Australia eased its international border restrictions on Monday for the first time in the pandemic, allowing some of its vaccinated public to travel freely and many families to reunite, sparking emotional embraces at Sydney’s airport.
After 18 months of some of the world’s strictest coronavirus border policies that banned citizens from coming back into the country and leaving it, unless granted an exemption, millions of Australians in Victoria, New South Wales and Canberra are now free to travel.
A flight by flag carrier Qantas Airways from Los Angeles touched down in Sydney at 6 a.m., Australia’s biggest airline said, the first in months to let COVID-19 vaccinated Australians walk off a plane without quarantining.
International travelers also arrived in Sydney via Singapore Airlines early on Monday.
Australia’s treasurer, Josh Frydenberg, told the Australian Broadcasting Corp. on Monday that the travel changes would immediately aid the economy.
“It’s a day for celebration — the fact that Australians can move more freely in and out of our country without home quarantine, if they’re double-vaccinated,” Frydenberg said.

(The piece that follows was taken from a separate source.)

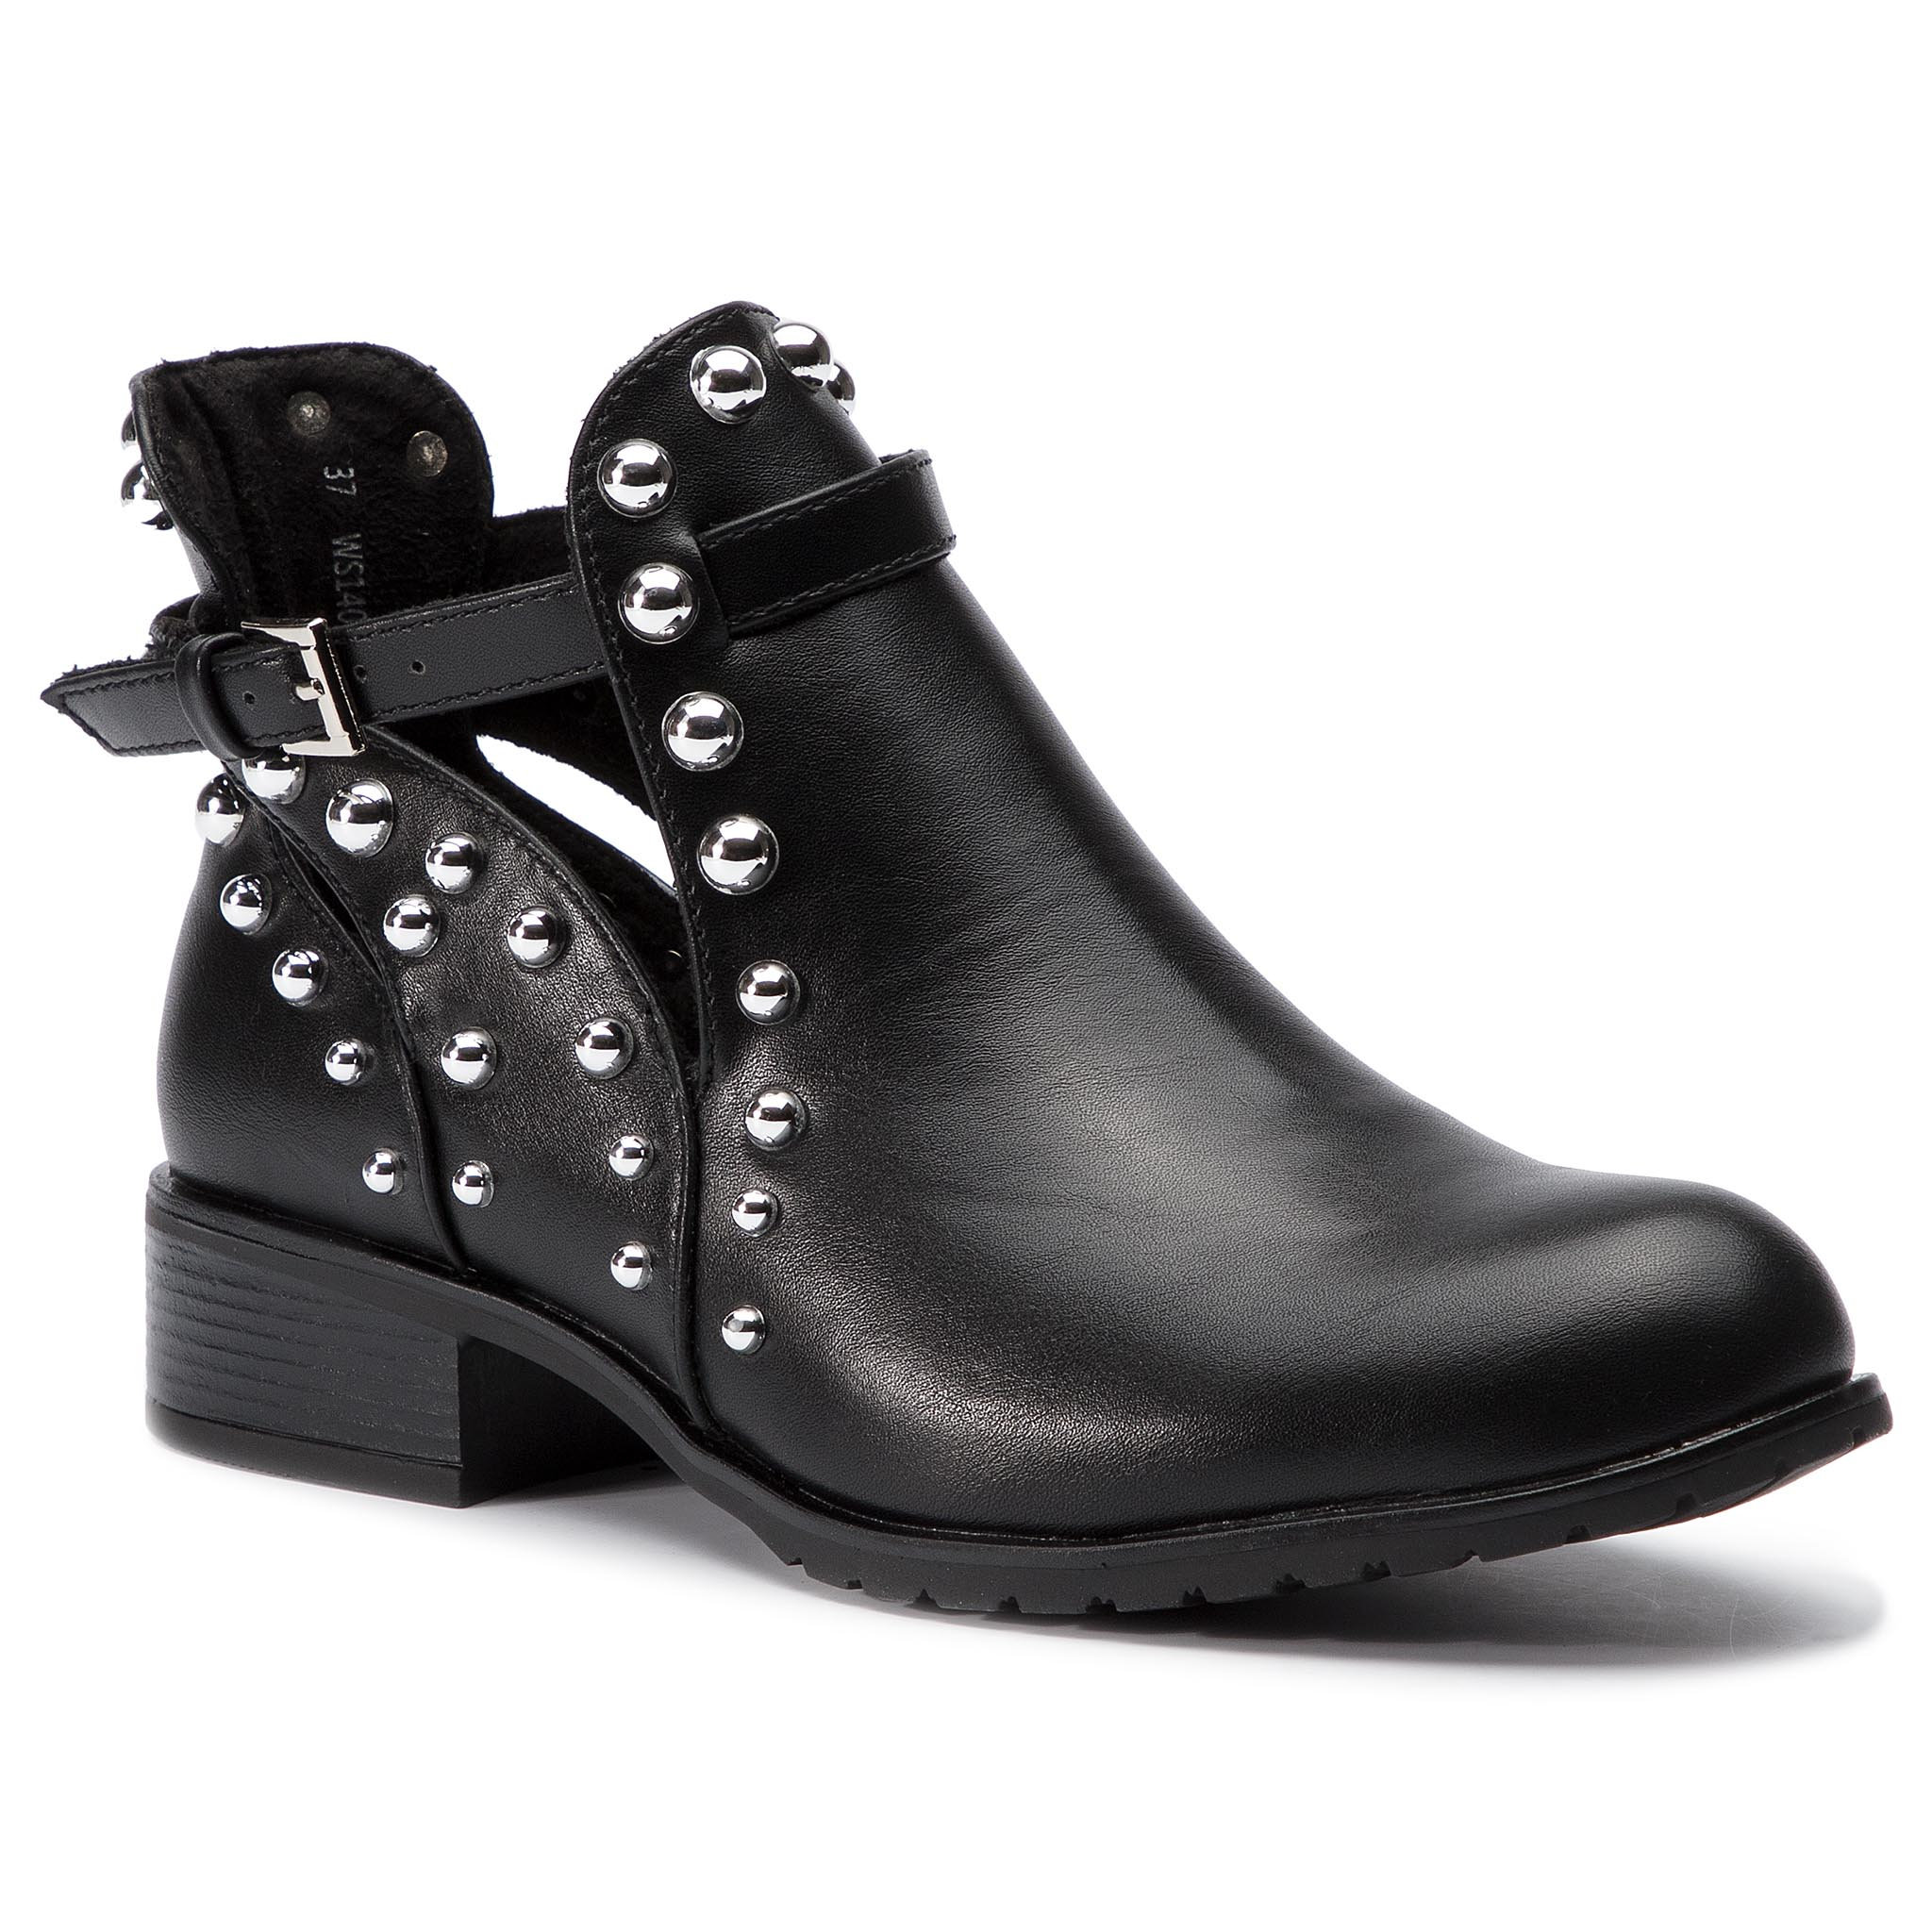 3e384c8d4137 členková topánka DeeZee WS14087-36 čierna Dámske - Topánky - Členková obuv  - https   ccc.eu

Television and social media footage showed tearful family reunions, with strict travel rules previously prohibiting many people from attending significant events, including weddings and funerals.
The relaxation of travel rules is tied to rising vaccination rates, with more than 80 per cent of people aged 16 and older in Australia’s two most populous states, New South Wales and Victoria, as well as the capital territory fully vaccinated.

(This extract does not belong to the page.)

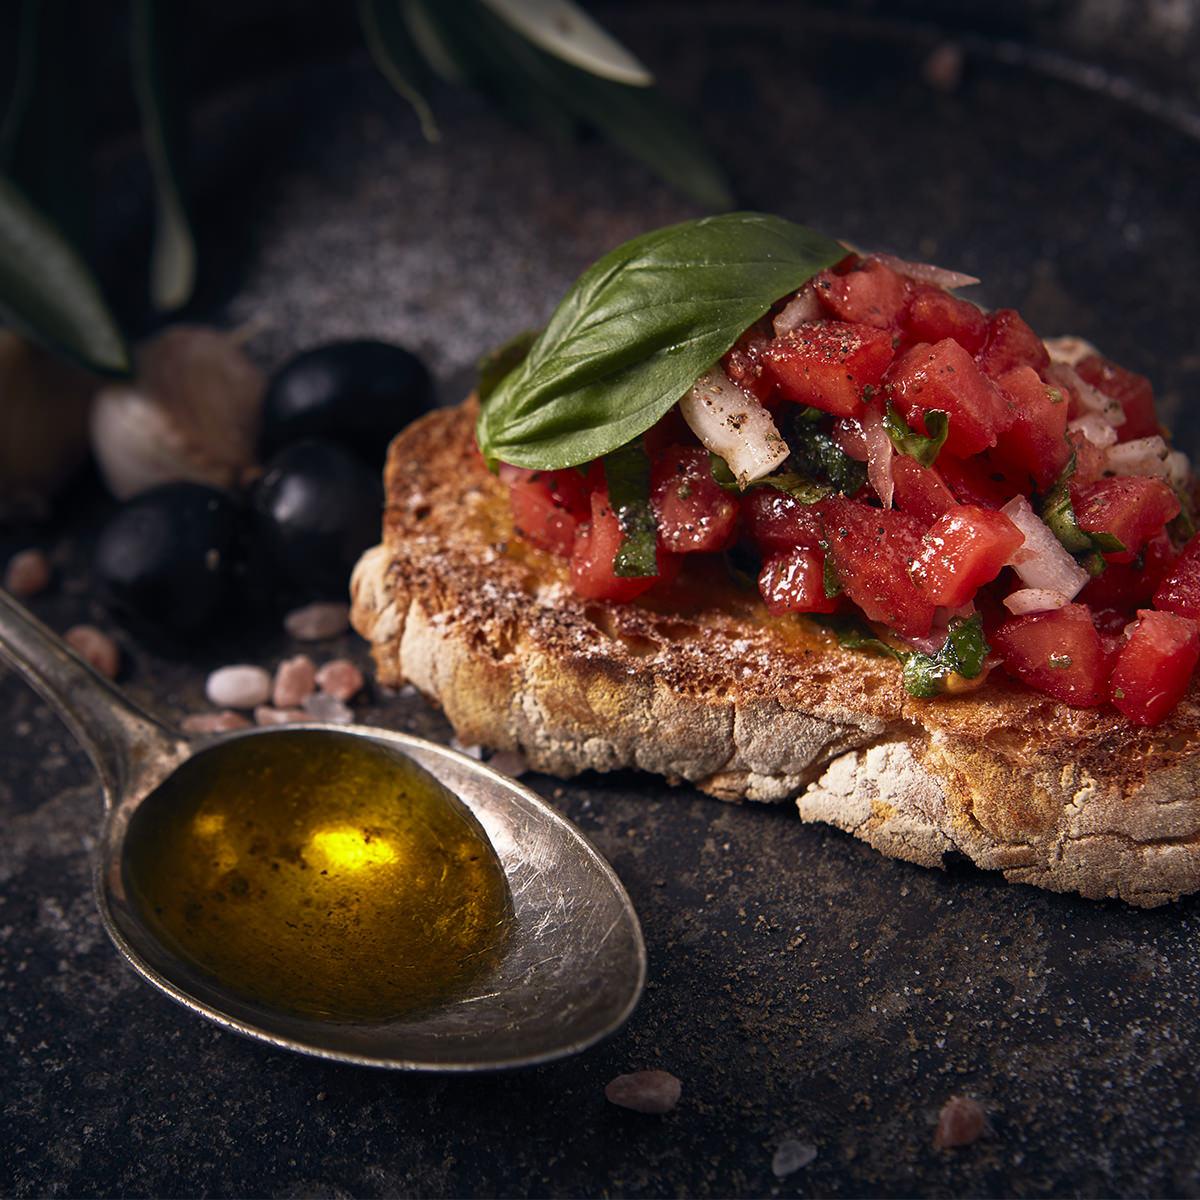 Foot-Fotografie: Bruschetta mit Olivenöl für ein Kochbuch fotografiert.

Australians and permanent residents living abroad may now return, with data from the Department of Foreign Affairs showing about 47,000 people are hoping to do so.
Most tourists — even vaccinated ones — have to wait to come to Australia, although vaccinated tourists from New Zealand will be allowed in beginning on Monday.
Unvaccinated travellers will still face quarantine restrictions, and all travellers need proof of a negative COVID-19 test prior to boarding.
The change in travel rules, however, is not uniform across Australia, as the country’s states and territories have differing vaccination rates and health policies.
Australia closed its borders at the start of the pandemic and let only a limited number of citizens and permanent residents return from abroad, subject to an exemption and a mandatory 14-day quarantine period in a hotel at their own expense.
But as it switched its COVID-zero pandemic management strategy toward living with the virus through extensive vaccinations, borders are gradually reopening.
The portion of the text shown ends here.